To better understand the risk of ARMs — not only to individual borrowers, but to the housing market and economy as a whole — consider the Great Recession of 2007 to 2009. This recession, generally considered the worst since the Great Depression of 1929 to 1941, was largely triggered due to large-scale mortgage defaulting among American homebuyers. Many borrowers who defaulted did so because the rate on their adjustable-rate mortgages had risen so high that they could no longer afford to make their monthly payments.

The chain reaction caused by so many defaults led to some of the largest bank collapses and the highest unemployment in more than 20 years. It threw virtually the entire global economy into disarray.

Will increased ARM usage lead to another downturn as major as the Great Recession?
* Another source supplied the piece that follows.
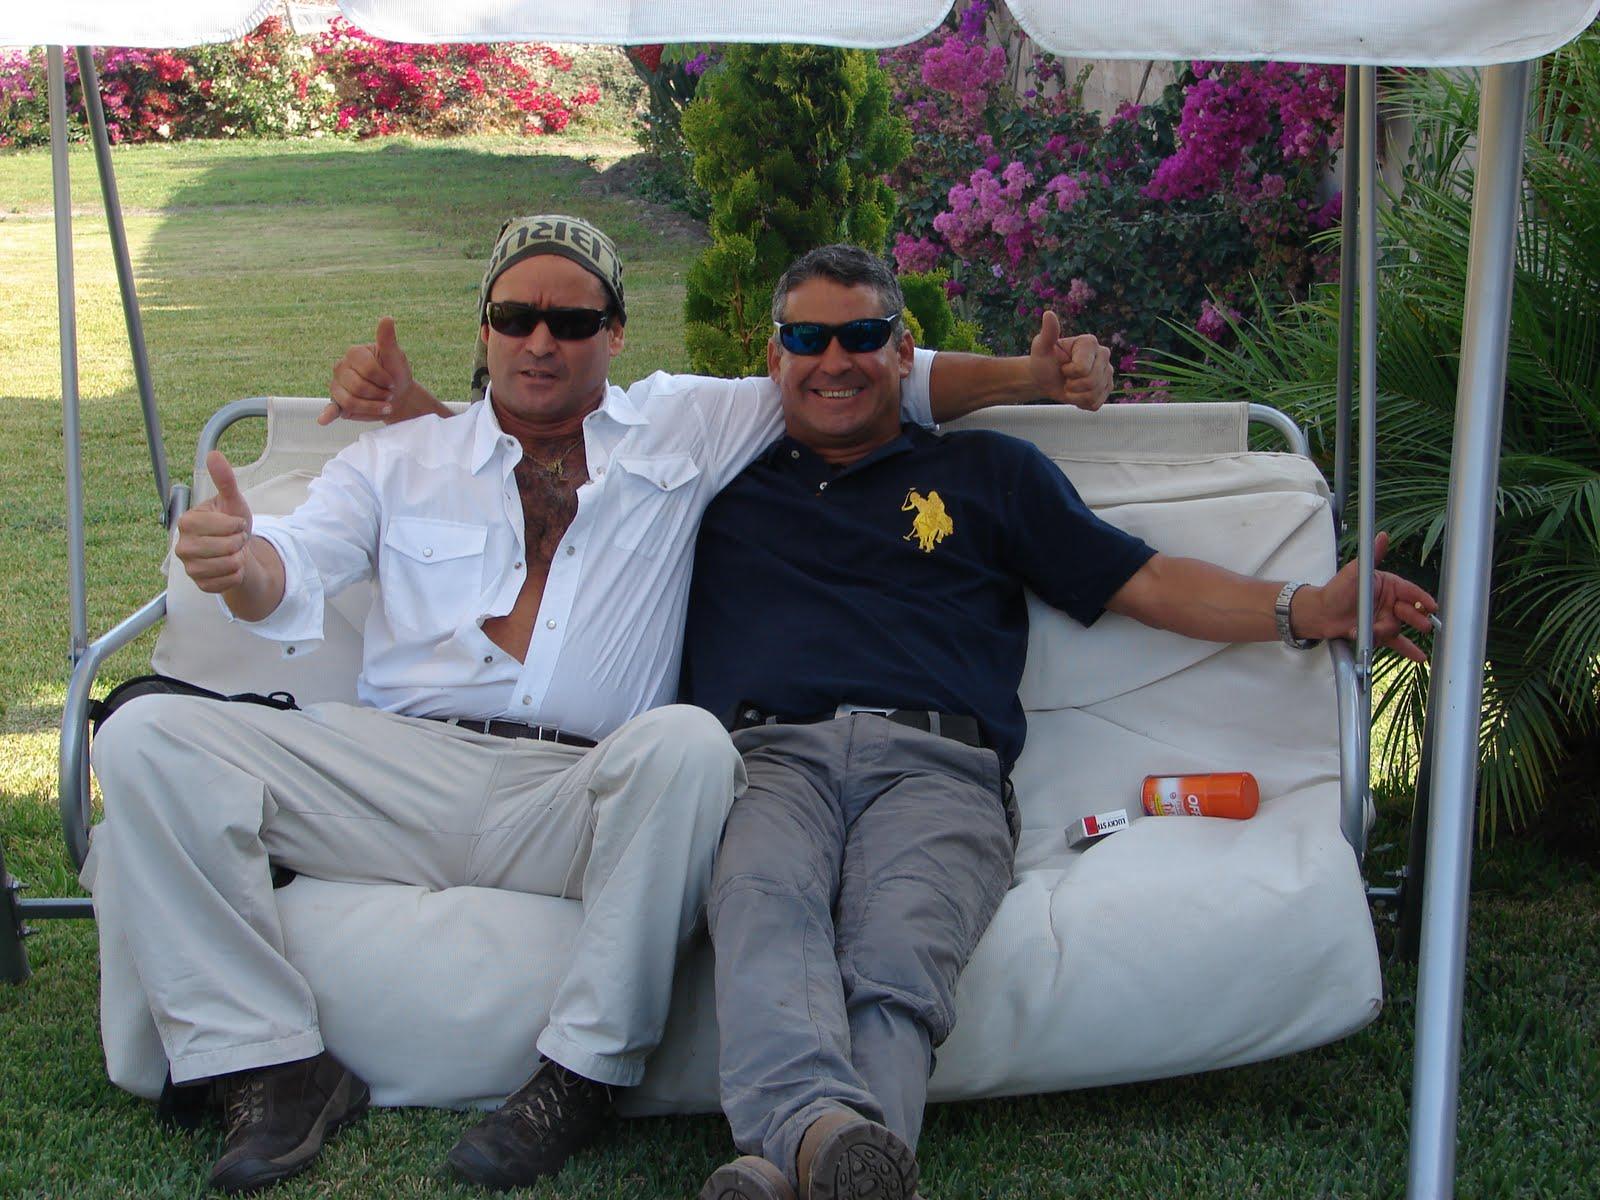 23-mayo-22-21-24-25-26-27...2011...Fito y Gonzalo Trujillo Diaz en NEW pics sec...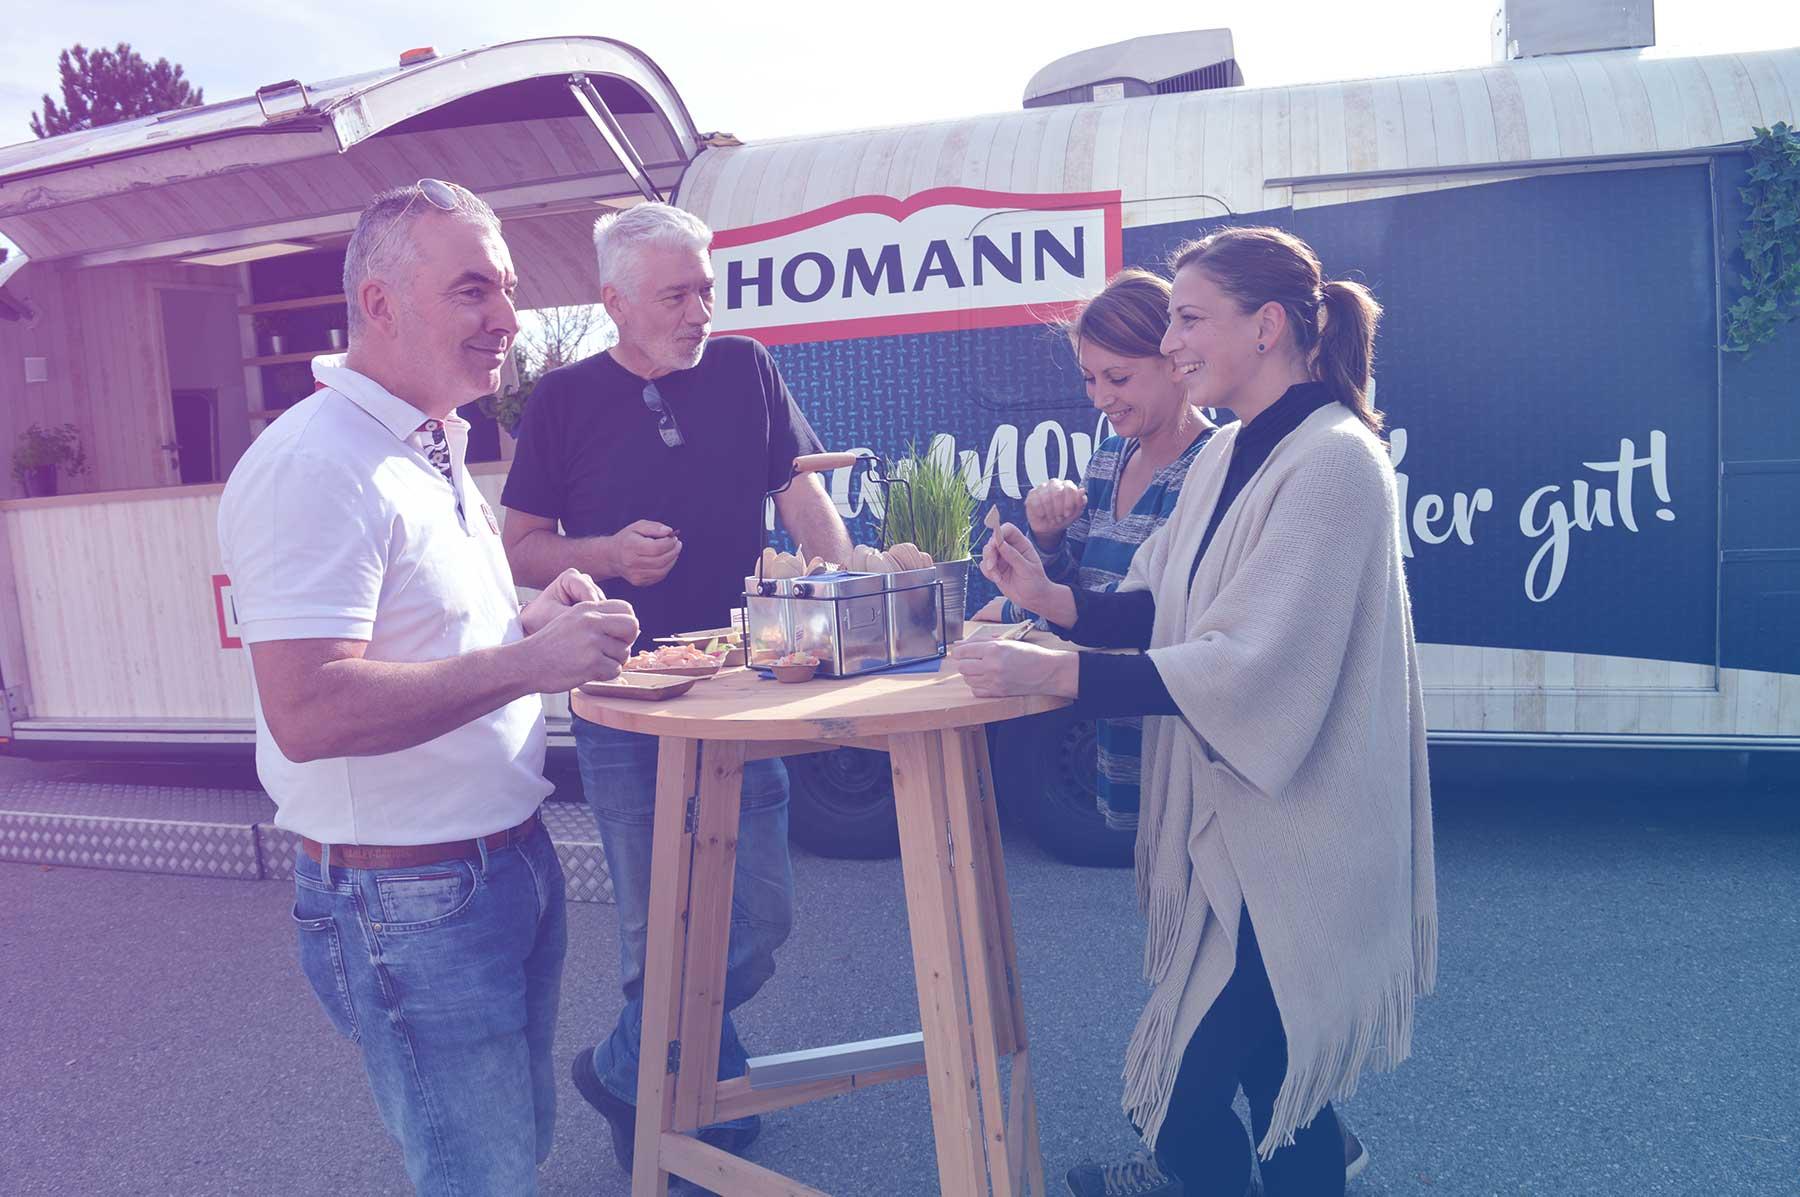 Homann_Roadshow_People_Filter_1800x1197

There isn’t much evidence to suggest that ARMs will be a major cause of a financial collapse in the near future. Though ARMs are becoming more popular, they still aren’t nearly as common as they were prior to the Great Recession. Moreover, mortgage lending standards are tighter across the board, meaning that borrowers at a high risk for default are less likely to get an ARM than in the early to mid-2000s.

With that said, the LendingTree data indicates that more adjustable-rate mortgages are going to borrowers with fair and even poor credit. If left unchecked, this trend could result in problems in the future.

While increased ARM usage may not lead to an immediate economic disaster, there’s a chance that relaxed lending standards could mean that adjustable-rate mortgages may end up once again playing a part in a potential downturn.

Tips for borrowers considering an ARM

Though adjustable-rate mortgages tend to offer attractive benefits and can be good options for some buyers, their risks shouldn’t be overlooked. Here are three tips for borrowers to consider before they decide to get an ARM.

  • Be sure you can afford it. Just because you can afford an ARM in the short term doesn’t mean that’ll always be the case. Don’t assume your rate won’t increase over time or that you’ll make significantly more money when your loan adjusts to a higher rate. If you find you would just barely be able to keep up with the monthly payment on an ARM with its introductory rate — and that you couldn’t keep up with it if your rate increased — you may want to consider a different type of loan or put your homebuying plans temporarily on hold.
  • Know your loan’s specific terms. It’s important you have a good understanding of your loan’s terms before you take out an ARM. For example, you’ll want to be sure you know the differences between a 3/1 and 5/1 ARM, as well as how much your rate can be increased during an adjustment period. Otherwise, you might be blindsided by a changing rate and a higher monthly payment.
  • Don’t feel like an ARM is your only lower-rate option. While ARMs tend to come with lower introductory rates than their fixed-rate counterparts, that doesn’t mean an ARM is the only way for a borrower to access a lower rate than they would with a conventional, fixed-rate loan. For example, government-backed loans from the Federal Housing Administration (FHA) and the Department of Veterans Affairs (VA) often come with lower fixed rates than similar conventional loans. Not only that, these loans are often easier to qualify for than other types of mortgages.

Methodology

This study’s data comes from about 1.9 million users of the LendingTree online mortgage shopping platform offered either a conventional 30-year fixed-rate or a conventional 30-year 3/1, 5/1 and 7/1 adjustable-rate mortgage between Jan. 1 and June 30, 2021, and Jan. 1 and June 30, 2022.